La CJUE répondait aux interrogations des plus hautes autorités judiciaires française et belge, saisies chacune dans leur pays des situations – sensiblement différentes – de femmes musulmanes qui soutenaient avoir été discriminées sur leur lieu de travail en raison de leur religion. Les questions des magistrats portaient sur l’interprétation à donner à la directive de l’Union européenne du 27 novembre 2000 sur l’égalité de traitement en matière d’emploi et de travail. Un texte qui, dans son article premier, indique avoir pour objet d’établir « un cadre général pour lutter contre la discrimination fondée sur la religion ou les convictions, [le] handicap, l’âge ou l’orientation sexuelle, en ce qui concerne l’emploi et le travail, en vue de mettre en œuvre, dans les Etats membres, le principe de l’égalité de traitement ».
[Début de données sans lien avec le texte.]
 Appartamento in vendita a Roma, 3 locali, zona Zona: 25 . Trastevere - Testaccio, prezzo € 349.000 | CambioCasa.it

Une interdiction objectivement justifiée, appropriée et nécessaire

Dans la première affaire, l’histoire se déroule en Belgique en 2006 et concerne une femme belge licenciée de son poste de réceptionniste après avoir décidé de porter le foulard islamique. A l’époque de son recrutement, trois ans auparavant, elle ne le portait pas et une règle non écrite au sein de l’entreprise interdisait aux travailleurs de porter des signes visibles de leurs convictions politiques, philosophiques ou religieuses sur le lieu de travail. En avril 2006, elle fait savoir à son employeur qu’elle a l’intention de porter le voile pendant les heures de travail. Sa direction la prévient alors que cette pratique n’est pas tolérée, au nom de la neutralité à laquelle s’astreint l’entreprise dans ses contacts avec ses clients. Puis, devant la détermination de son employée, elle fait modifier le règlement intérieur afin d’y inscrire l’interdiction pour les travailleurs de « porter sur le lieu de travail des signes visibles de leurs convictions politiques, philosophiques ou religieuses ou d’accomplir tout rite qui en découle ». Le bras de fer débouche finalement sur le licenciement de la salariée et se poursuit devant la justice belge, l’intéressée attaquant son ex-employeur pour discrimination.
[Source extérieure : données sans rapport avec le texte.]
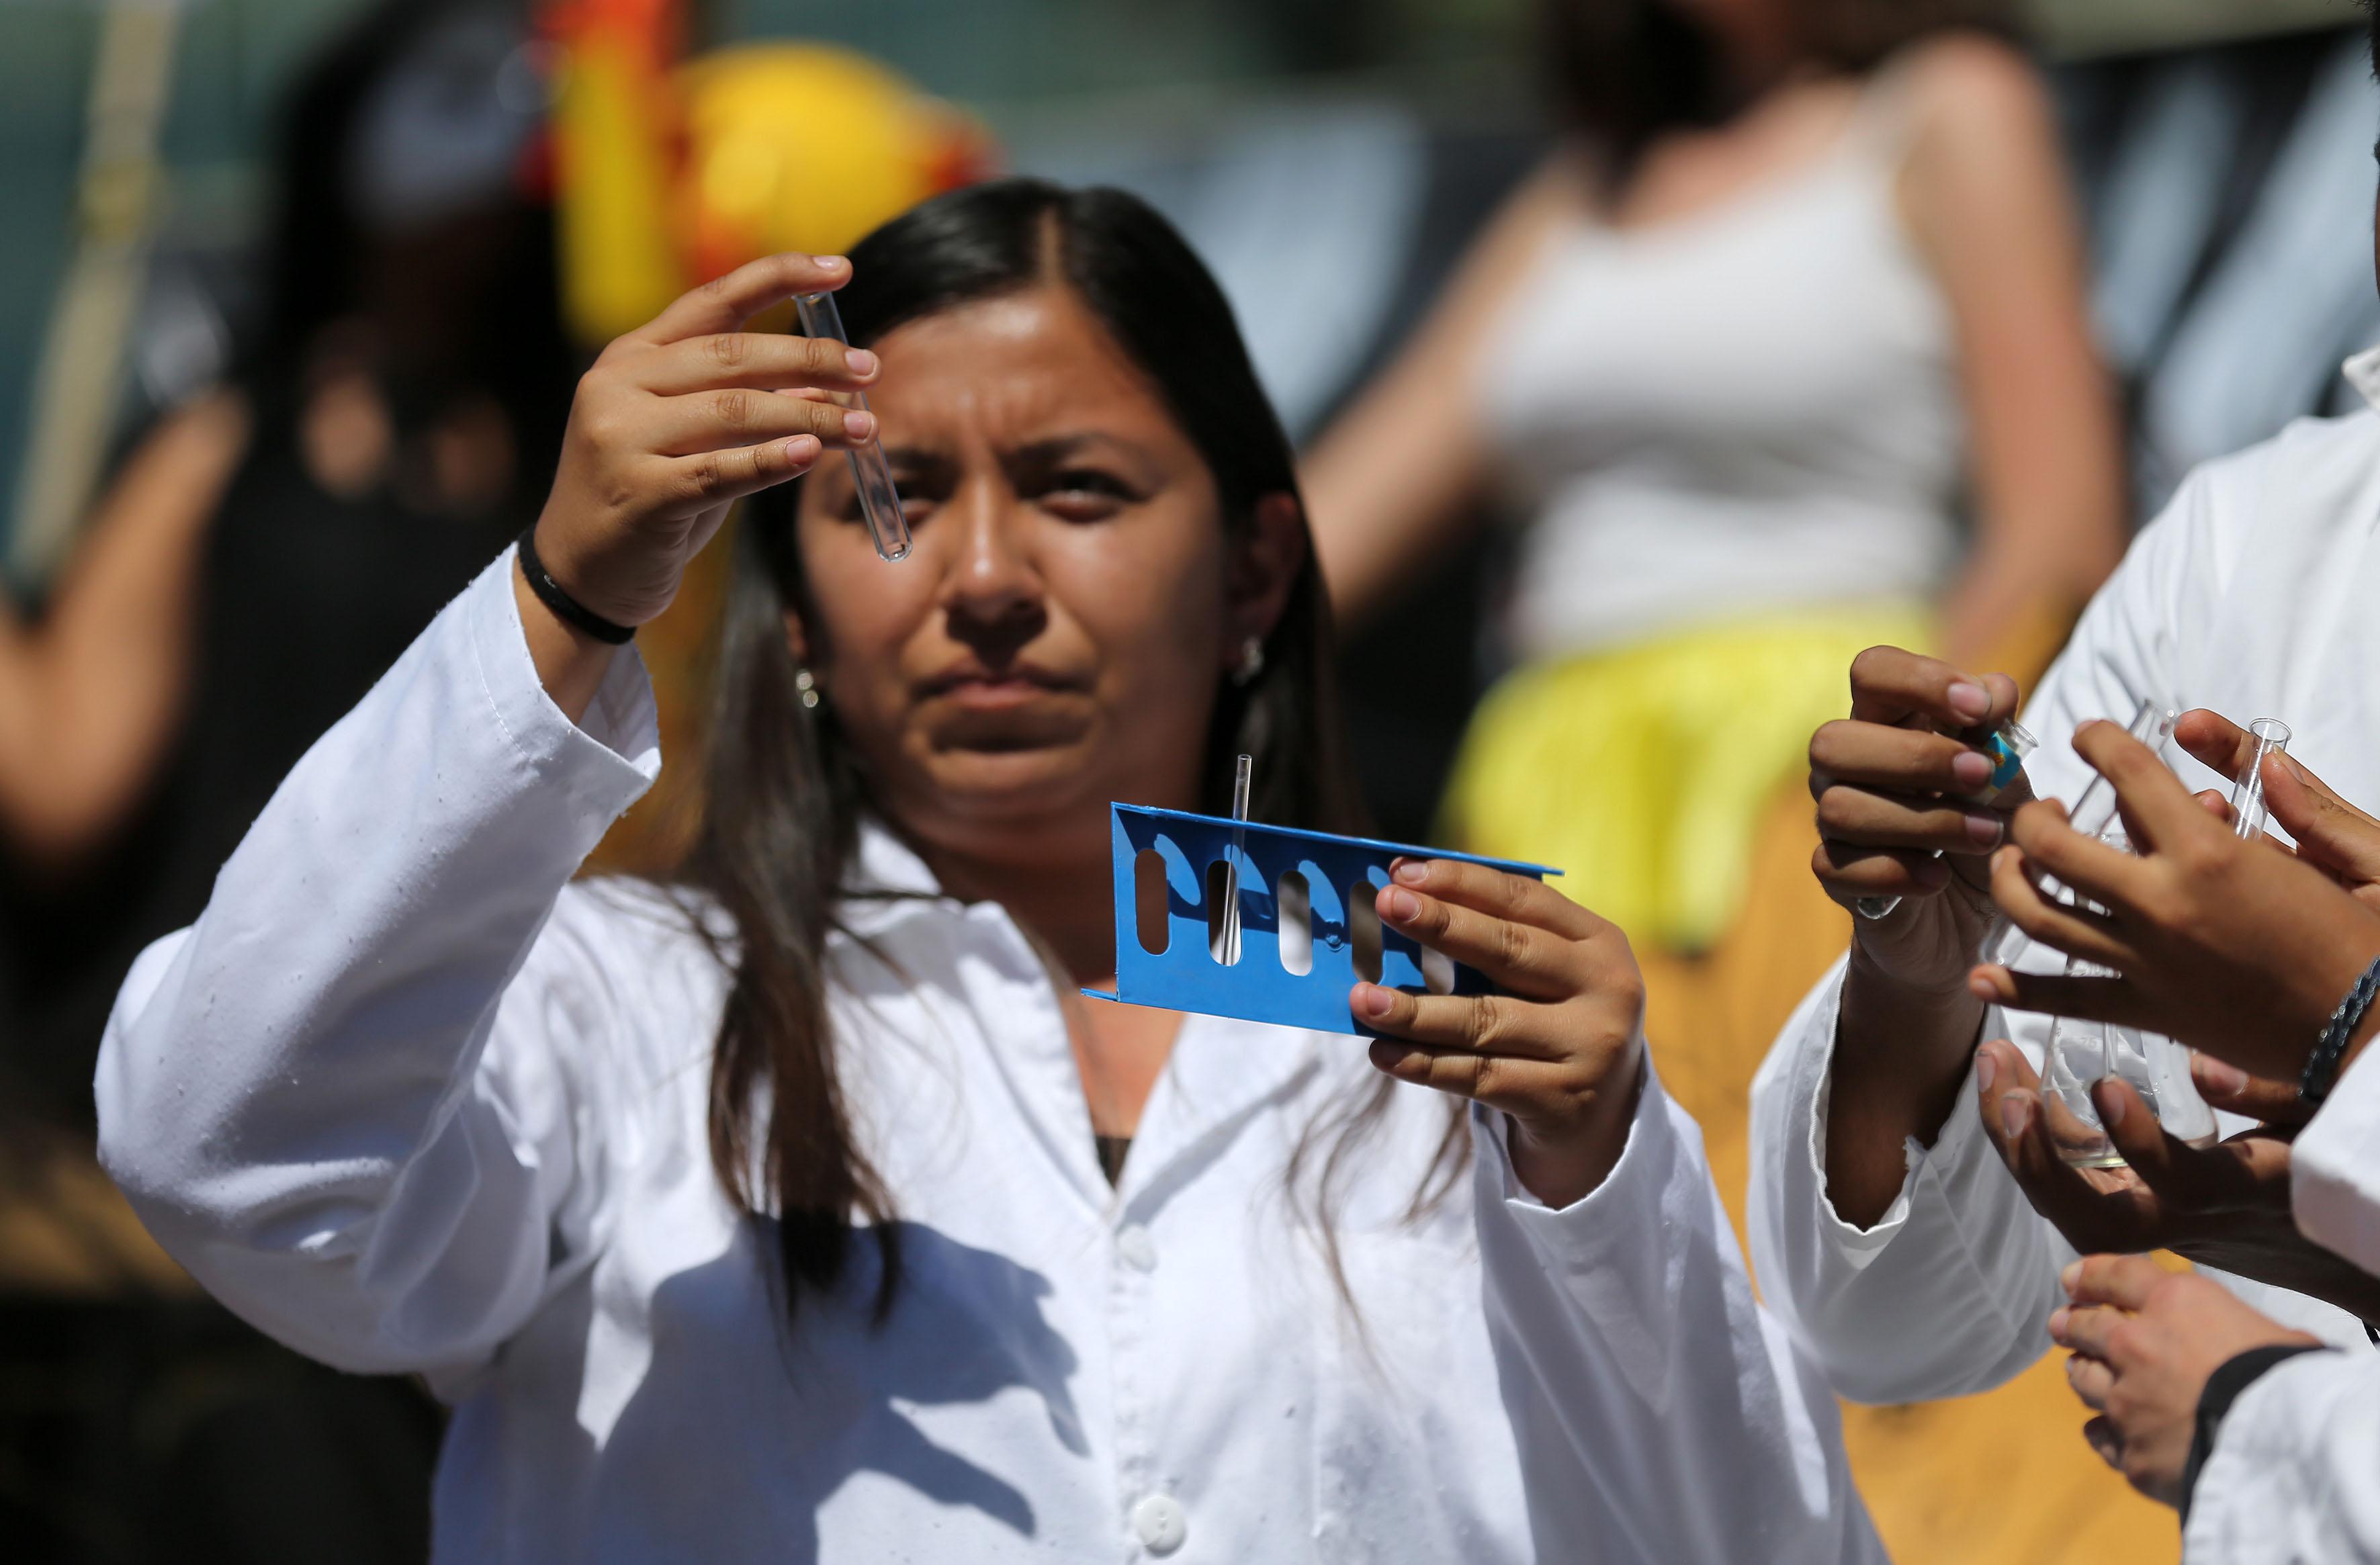 Estudiante de la licenciatura en Química del Centro Universitario de Ciencias Exactas e Ingenierías (CUCEI), de la Universidad de Guadalajara (UdeG), participando en el Aquelarre

Déboutée en première instance comme en appel, elle a fini par saisir la Cour de cassation belge… qui s’est alors tournée vers la CJUE pour savoir si l’interdiction de porter un foulard islamique, quand elle découle d’une règle interne générale d’une entreprise privée, constitue une discrimination directe.

Les juges européens ont répondu par la négative après avoir constaté que, en l’espèce, la neutralité vestimentaire imposée par l’entreprise visait indifféremment et de manière générale toute manifestation de convictions religieuses. Une telle règle interne « n’instaure pas de différence de traitement directement fondée sur la religion ou les convictions, au sens de la directive ».
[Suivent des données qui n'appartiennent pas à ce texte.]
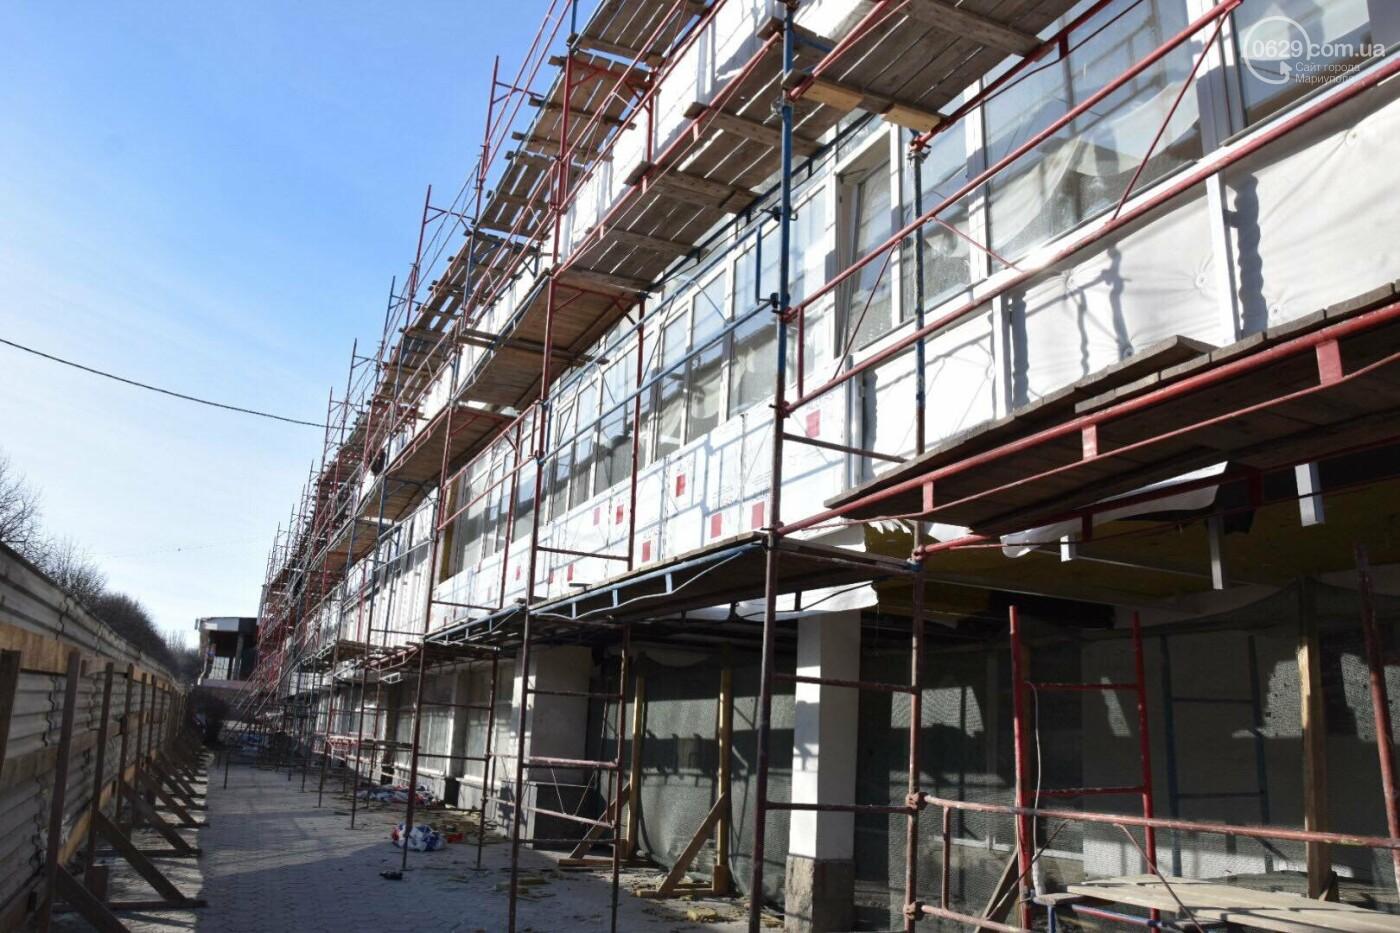 Как проходит ремонт главной библиотеки Мариуполя, - ФОТОРЕПОРТАЖ, фото-2

La CJUE n’exclut toutefois pas que le juge national puisse estimer qu’elle instaure une différence de traitement indirectement fondée sur la religion ou les convictions. Tel sera ainsi le cas s’il est établi que l’obligation en apparence neutre qu’elle contient aboutit, en fait, à un désavantage particulier pour les personnes adhérant à une religion ou à des convictions données. Mais même dans cette hypothèse, la justice peut ne rien avoir à y redire. Une telle discrimination indirecte peut en effet « être objectivement justifiée par un objectif légitime » tel que la poursuite par l’employeur, dans ses relations avec ses clients, d’une politique de neutralité politique, philosophique et religieuse, pourvu que les moyens utilisés soient « appropriés et nécessaires ». Il revient ainsi, en l’espèce, à la Cour de cassation belge de se prononcer sur ces points. Soit, autrement dit, de vérifier que l’employeur, préalablement au licenciement de la salariée, avait établi une politique générale et indifférenciée, que l’interdiction visait uniquement les travailleurs de la société en relation avec les clients et qu’il n’était pas possible de proposer à l’intéressée un poste de travail n’impliquant pas de contact visuel avec les clients plutôt que de la licencier.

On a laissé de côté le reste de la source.